Remote Procedure Call (RPC)

RPC is a software communication protocol commonly mentioned in distributed computing, allowing programs to invoke subroutines that run on other devices, thus enabling communication between processes.

RPC abstracts remote service calls, and HTTP/2 is one of the transport protocols that optimizes the way these calls occur. By using HTTP/2 in frameworks like gRPC, RPC calls can be made faster and more efficiently.

With RPC, developers can write code as if the subroutines were local. Using RPC means that, regardless of whether the calls are local or remote, the procedure itself remains fundamentally the same.

💡 Since RPC implements a remote request-response protocol, network issues can cause remote procedure calls to fail!

HTTP/2

Although RPC and HTTP/2 belong to different layers, RPC frameworks benefit from using HTTP/2 to enable faster and more efficient remote communication.

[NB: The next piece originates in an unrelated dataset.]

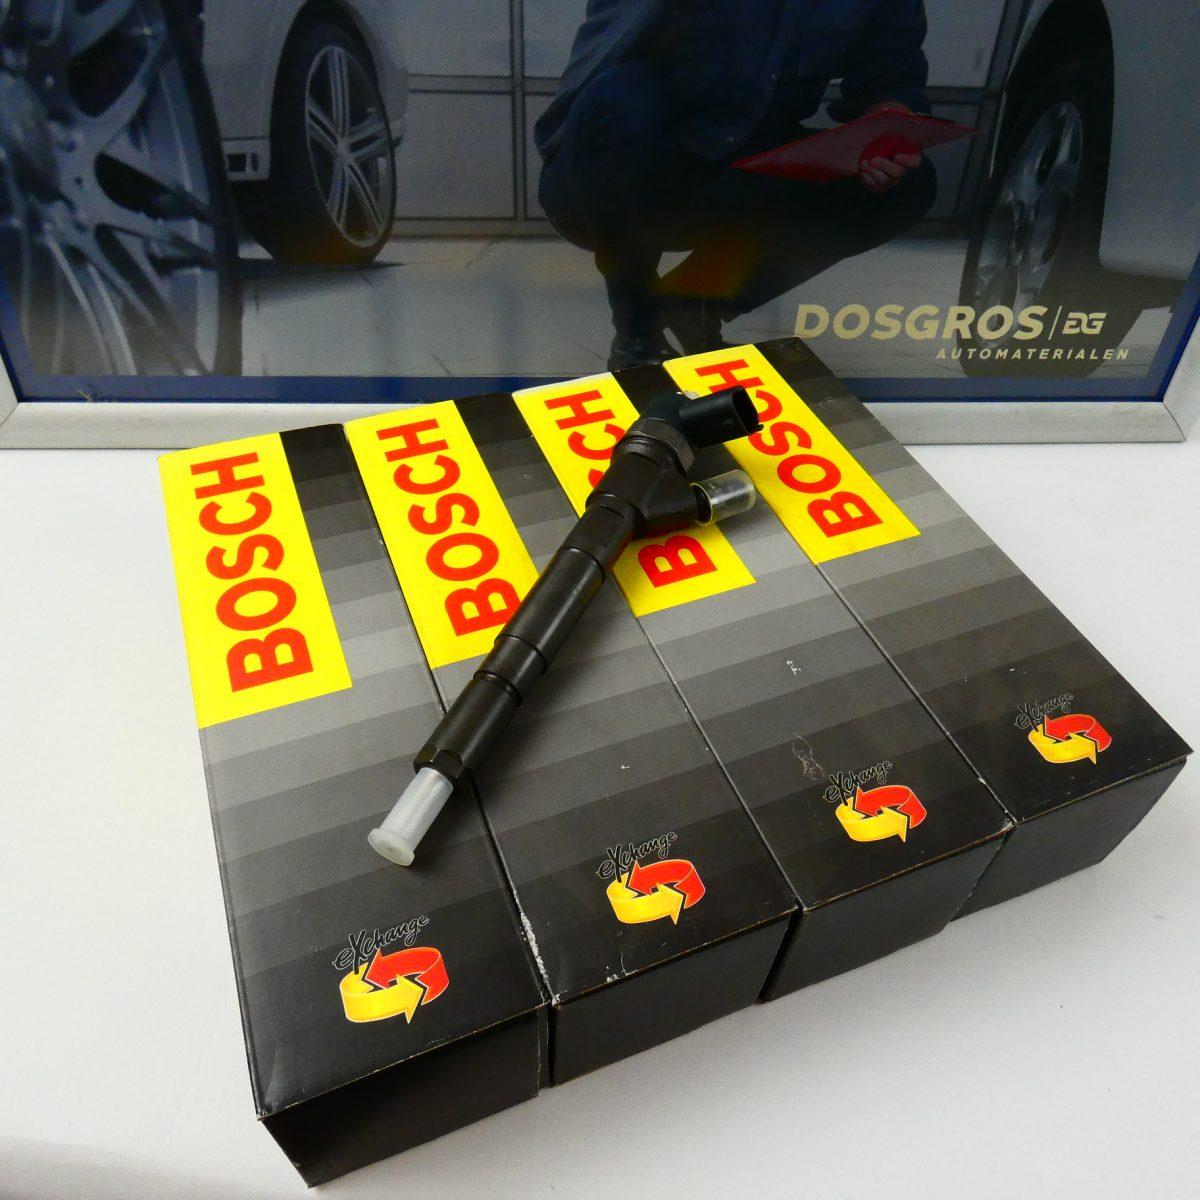 Renault verstuiver Bosch bij Dosgros

HTTP/2, the second version of the HTTP protocol, was designed to overcome the following limitations of HTTP/1:

Limitations of HTTP/1

  • An HTTP/1 connection can only handle one request and response at a time, requiring multiple TCP connections to request multiple resources. This increases overhead and reduces performance.
  • When the first request on a connection is delayed, subsequent requests are also delayed, negatively affecting web page load times.
  • In HTTP/1, headers are retransmitted with every request, often containing duplicate or unnecessary information, which wastes bandwidth.

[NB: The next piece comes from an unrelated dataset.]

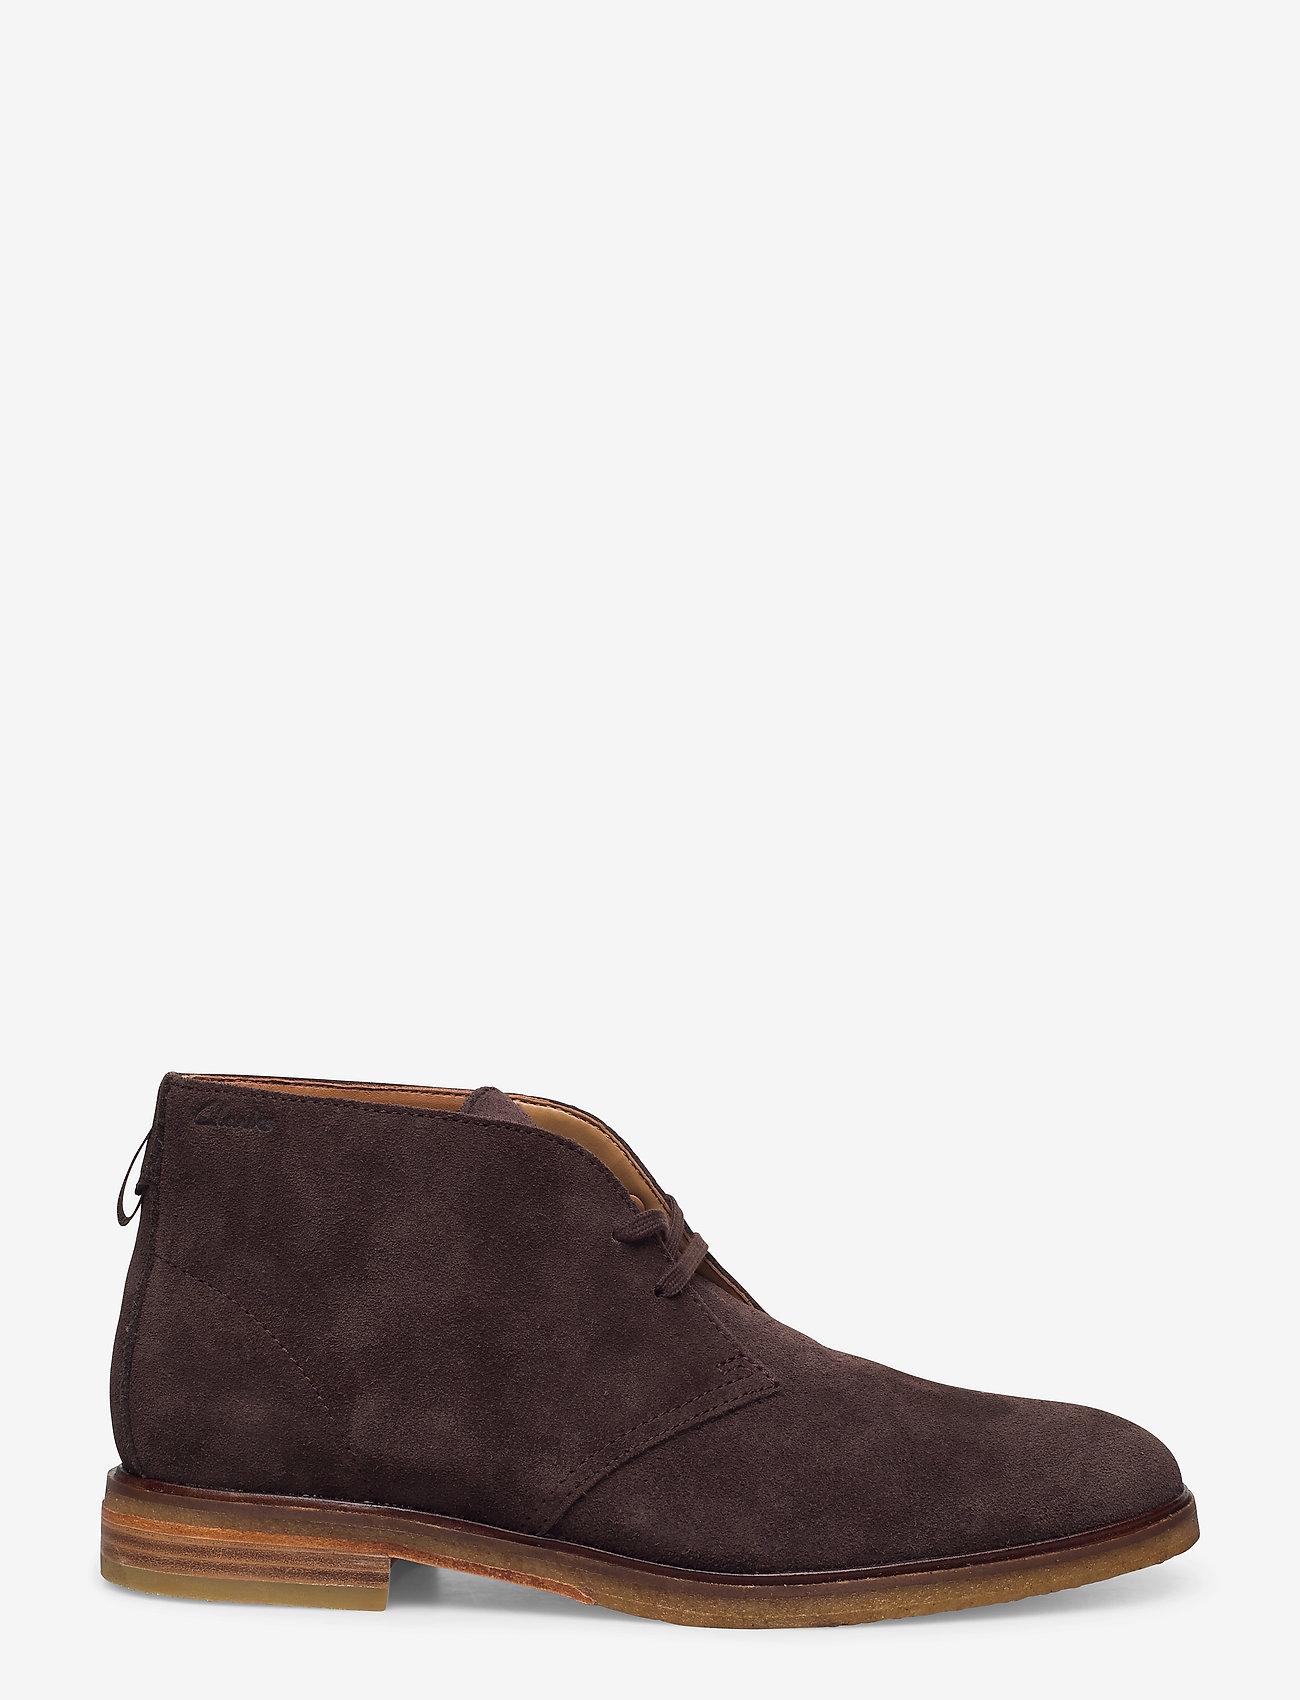 Clarks - Clarkdale DBT - desert boots - dark brown suede - 1

Key improvements in HTTP/2 that address these limitations include:

  • The use of a binary protocol to improve transmission efficiency and reduce the likelihood of errors.
  • HTTP/2 can handle multiple requests and responses simultaneously over a single TCP connection, reducing network latency and improving page load times.
  • The server can send resources to the client before they are requested, improving performance by delivering resources faster.
  • HTTP/2 uses HPACK compression to reduce header overhead significantly.
  • It allows for setting dependencies and priorities between resources, ensuring that critical resources are loaded first.

RPC Structure

The structure of gRPC can be divided into three layers: the application layer, the framework layer, and the transport layer. Each layer has specific roles and responsibilities, and this layered architecture, combined with HTTP/2-based communication, maximizes gRPC’s efficiency and performance.

Application Layer

  • Service Definition: Developers use Protocol Buffers (protobuf) to define service interfaces and message formats in a .proto file, which serves as a contract between the client and server, providing the foundation for implementing application logic.

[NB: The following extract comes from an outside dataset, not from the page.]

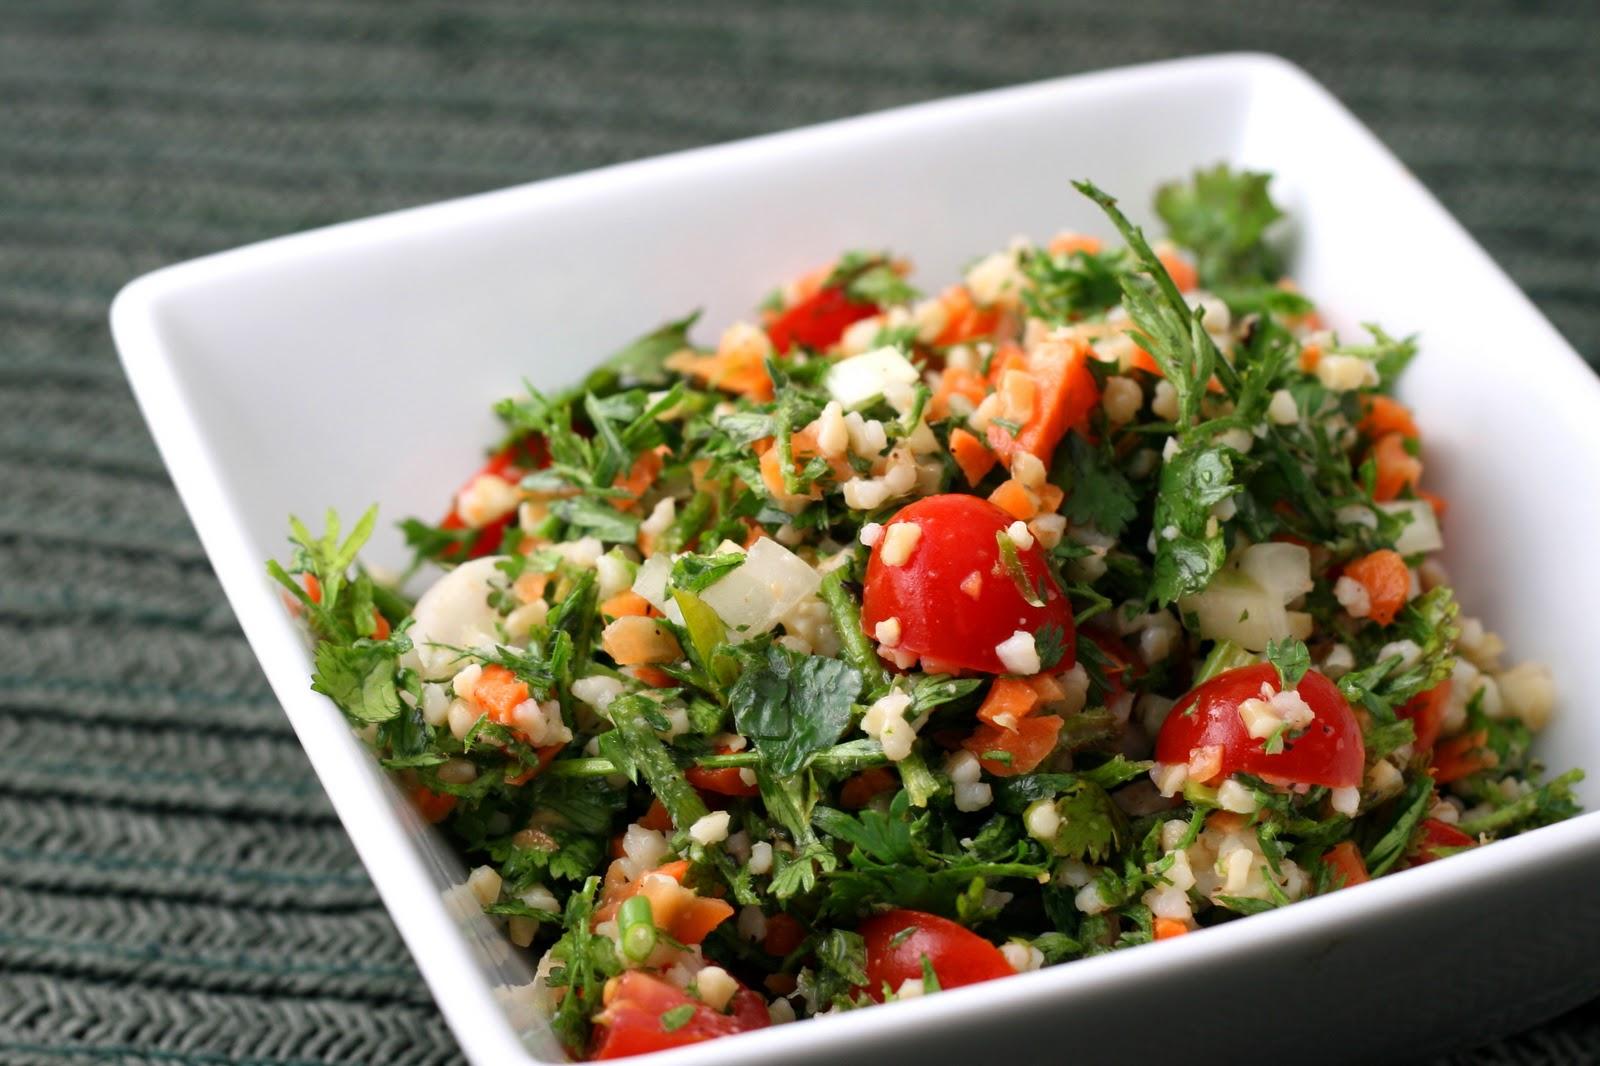 арабские салаты рецепты с фото моем

  • Client and Server Implementation: Using the automatically generated client and server stubs, developers implement the service logic. Clients can call the server’s methods as if they were local, while the server handles the requests.

Framework Layer

  • Serialization and Deserialization: gRPC uses protobuf to serialize and deserialize messages, ensuring efficient data transmission, and the framework handles this automatically.

  • Code Generation: The gRPC framework automatically generates client and server stubs based on the service definitions in the .proto file. It supports multiple programming languages, reducing language barriers.

  • Authentication and Security: gRPC supports secure connections via TLS/SSL and provides authentication mechanisms like OAuth2, managed at the framework level.

Transport Layer

  • HTTP/2-Based Communication: gRPC uses HTTP/2 at the transport layer, leveraging features such as multiplexing, server push, stream prioritization, and header compression to improve communication efficiency and performance.

  • Bidirectional Streaming: With HTTP/2’s streaming capabilities, gRPC supports bidirectional streaming between the client and server, which is useful in scenarios like real-time data transmission.

Stub

The stub is a core concept of RPC, acting as a layer that marshals (transforms) and unmarshals (reverses) parameter objects into messages. It is divided into the client stub and server stub.

ProtoBuf

Protobuf (Protocol Buffers) is an open-source, cross-platform data format developed by Google. It helps serialize structured data and supports program communication over networks or data storage. In the Interchain stack, Protobuf is used by developers as a data serialization method for defining message formats.

✏️ From Cosmos SDK v0.40 onwards, the encoding format for chain state and transaction data has been replaced from Amino to Protobuf, which offers better encoding/decoding performance. The automatic generation and definition of gRPC functionality by Protobuf also helped promote the use of gRPC.

gRPC Channel

gRPC opens multiple subchannels for communication. Reusing these channels helps reduce communication costs.

How RPC Works

Typically, when a remote procedure call is invoked, the procedure parameters are sent over the network to the execution environment where the procedure is executed. Once completed, the result of the called procedure is sent back to the calling environment, and the execution resumes in the calling environment, just like a regular local procedure call.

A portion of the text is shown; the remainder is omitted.